More important, perhaps, are the questions of science that are never explored. There are clues scattered throughout this story that our relation to viruses is more complex and less understood than our image of them as "individuals," as deadly predators, might suggest. Despite repeated dire predictions throughout these pages of epidemics similar to that in Crichton's classic Andromeda Strain, the early outbreaks in Germany, Sudan and Zaire soon mysteriously abated, leaving both the doctors and the scientists puzzled.

Of Sudan, Preston simply says, "For reasons that are not clear, the outbreak subsided and the virus vanished." And of fears that Ebola Zaire would devastate Kinshasa, "But to the strange and wonderful relief of Zaire and the world, the virus never went on a burn . . . and went back to its hiding place in the forest." And the Reston virus proved infectious but mysteriously innocuous.

Yet these curious facts are left strangely unexamined. It may be as vital to understand why these viruses retreated as to understand why they attacked, but this question isn't asked. "Viruses," Preston writes, "are molecular sharks, a motive without a mind. Compact, hard, logical, totally selfish. . . ." Indulgence in such anthropomorphism and metaphor reinforces a terrifying Darwinian view of "Nature, red in tooth and claw," but it blinds us to new views from molecular biology.
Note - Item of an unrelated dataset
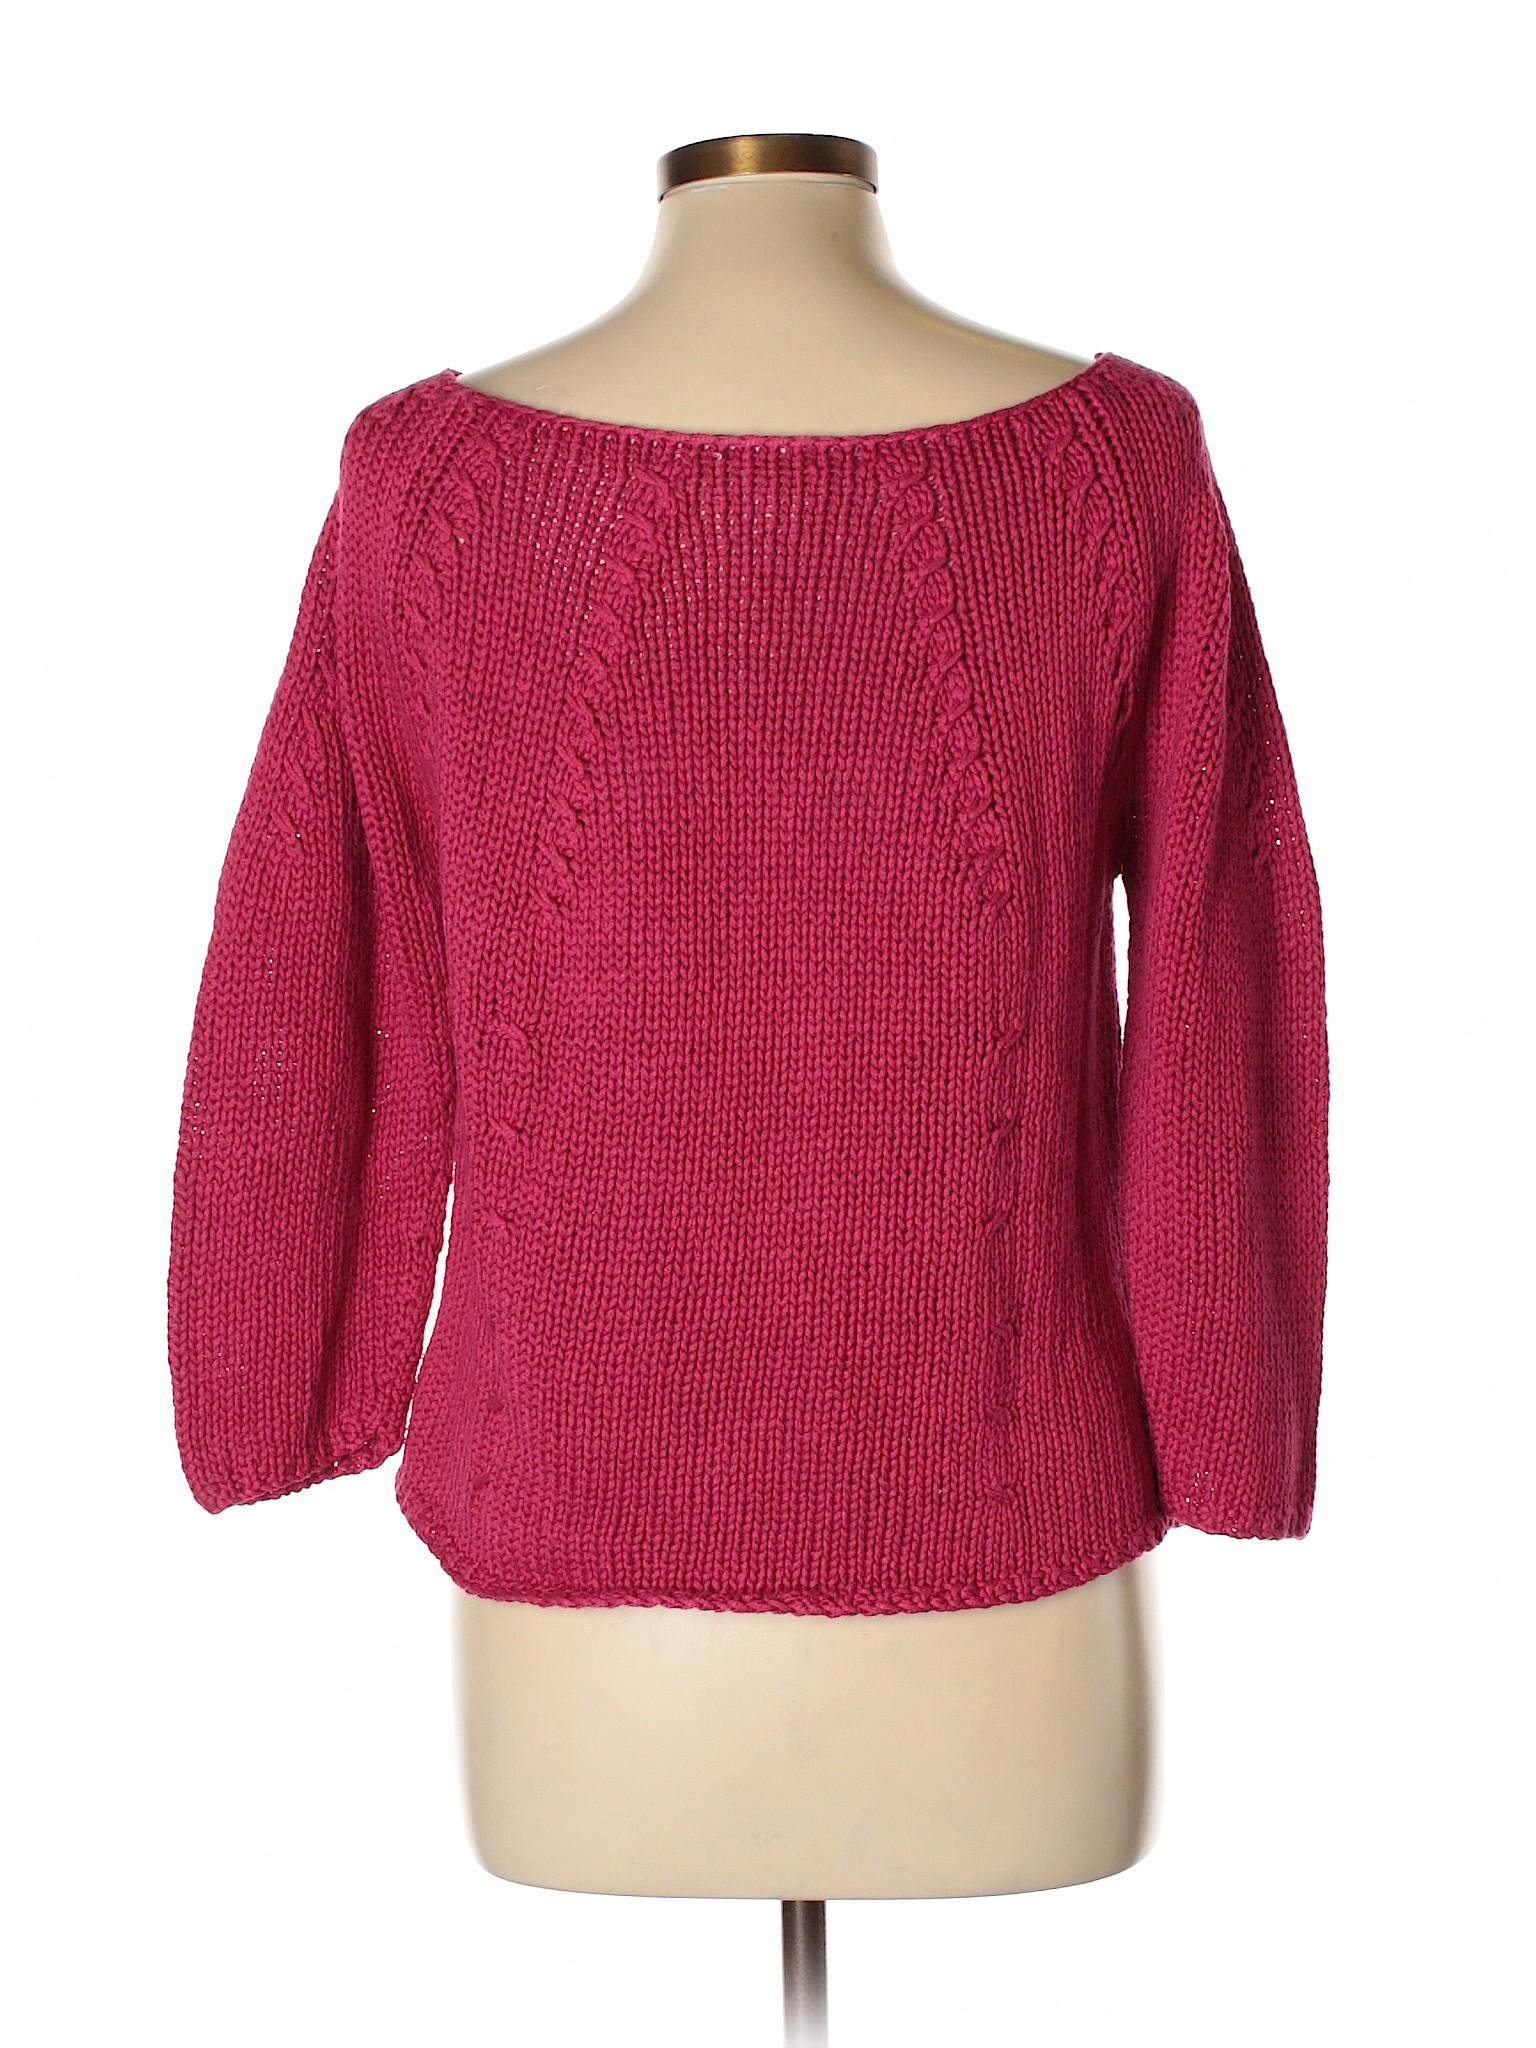 Boutique Garnet Pullover Boutique Hill Garnet Sweater gxvP7wTq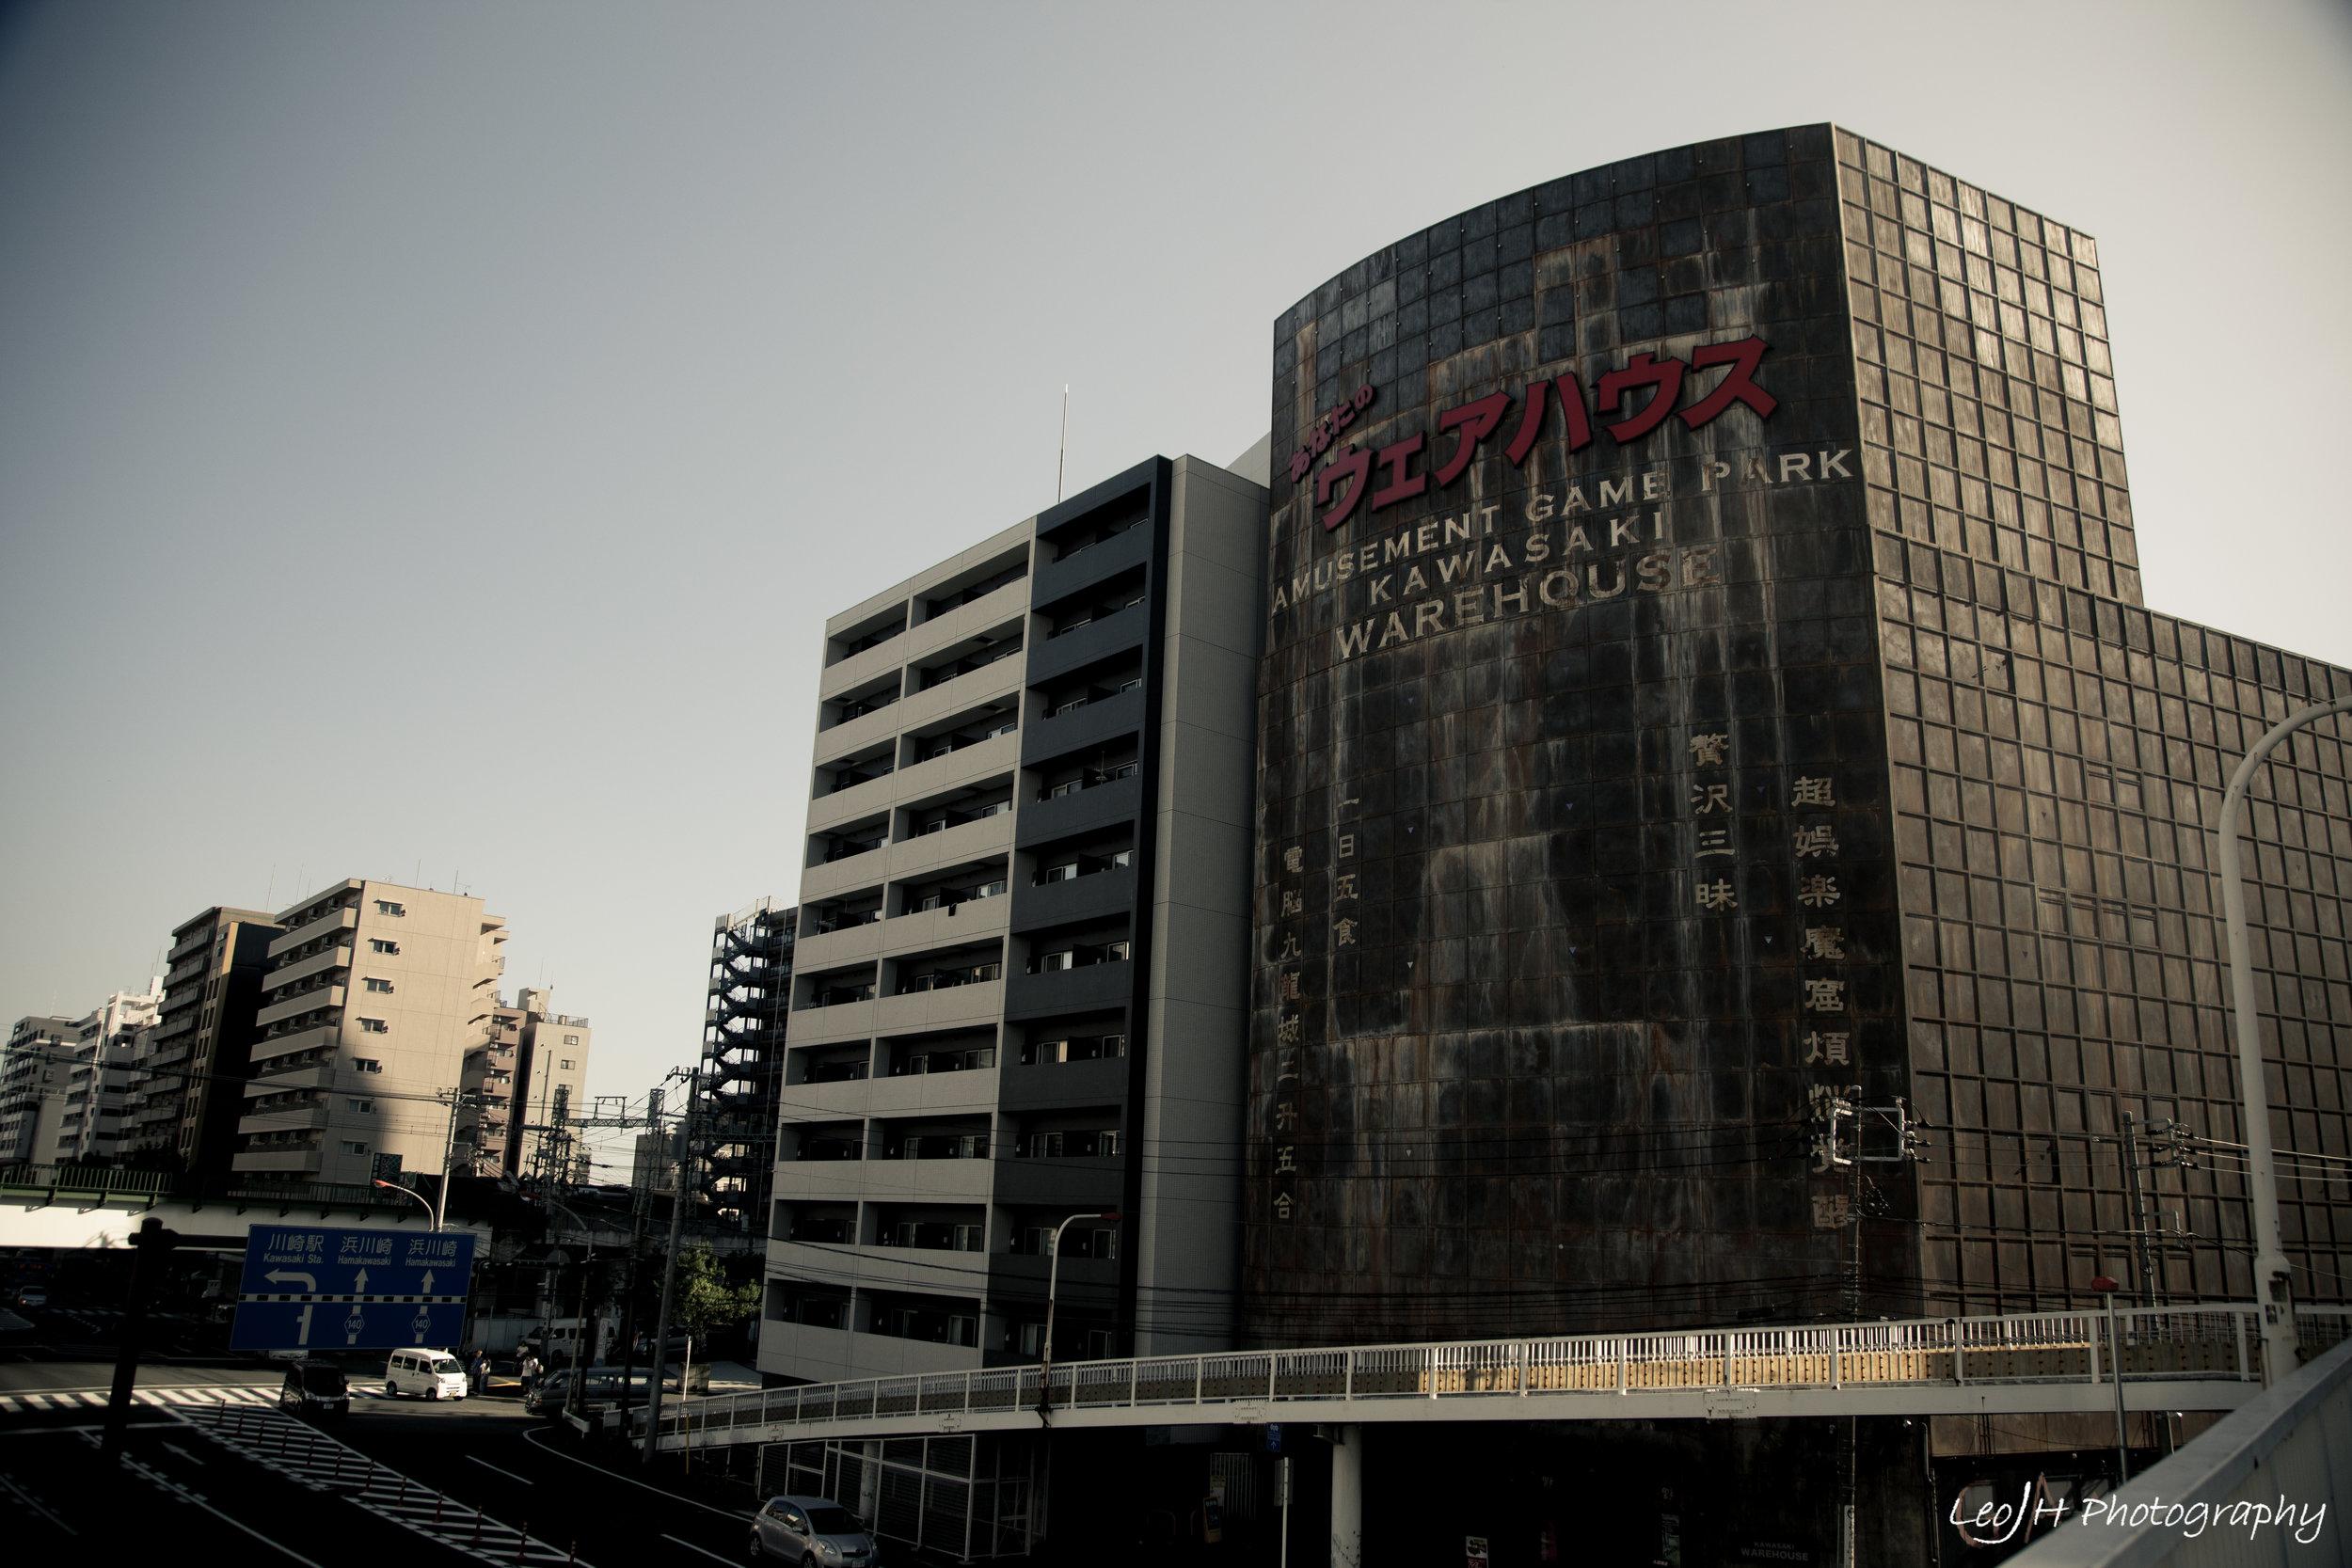 The exterior of Kawasaki Warehouse

Current research suggests that viruses may be more like wandering messengers than alien predators, their visitations serving to exchange genetic information among individuals and species in an ecology more intricate and a biochemical balance more delicate than we have yet realized. One promising experimental drug for AIDS is based on this idea: it blocks a receptor site for the virus' message instead of working through the immune response.

Preston concludes that "AIDS is the revenge of the rain forest" for human incursions and overpopulation of the Earth. "It is only the first act of revenge," he adds. Marburg and Ebola pose the new threat of a virus "trying, so to speak, to crash into the human species." These images may owe more to the fictions we know than to the truths we have only begun to recognize. Peering into the edges of the rain forest, Preston shows us a landscape of infectious terror, but he misses a path into the frontiers of science.

Paul Trachtman is a freelance writer based in rural New Mexico.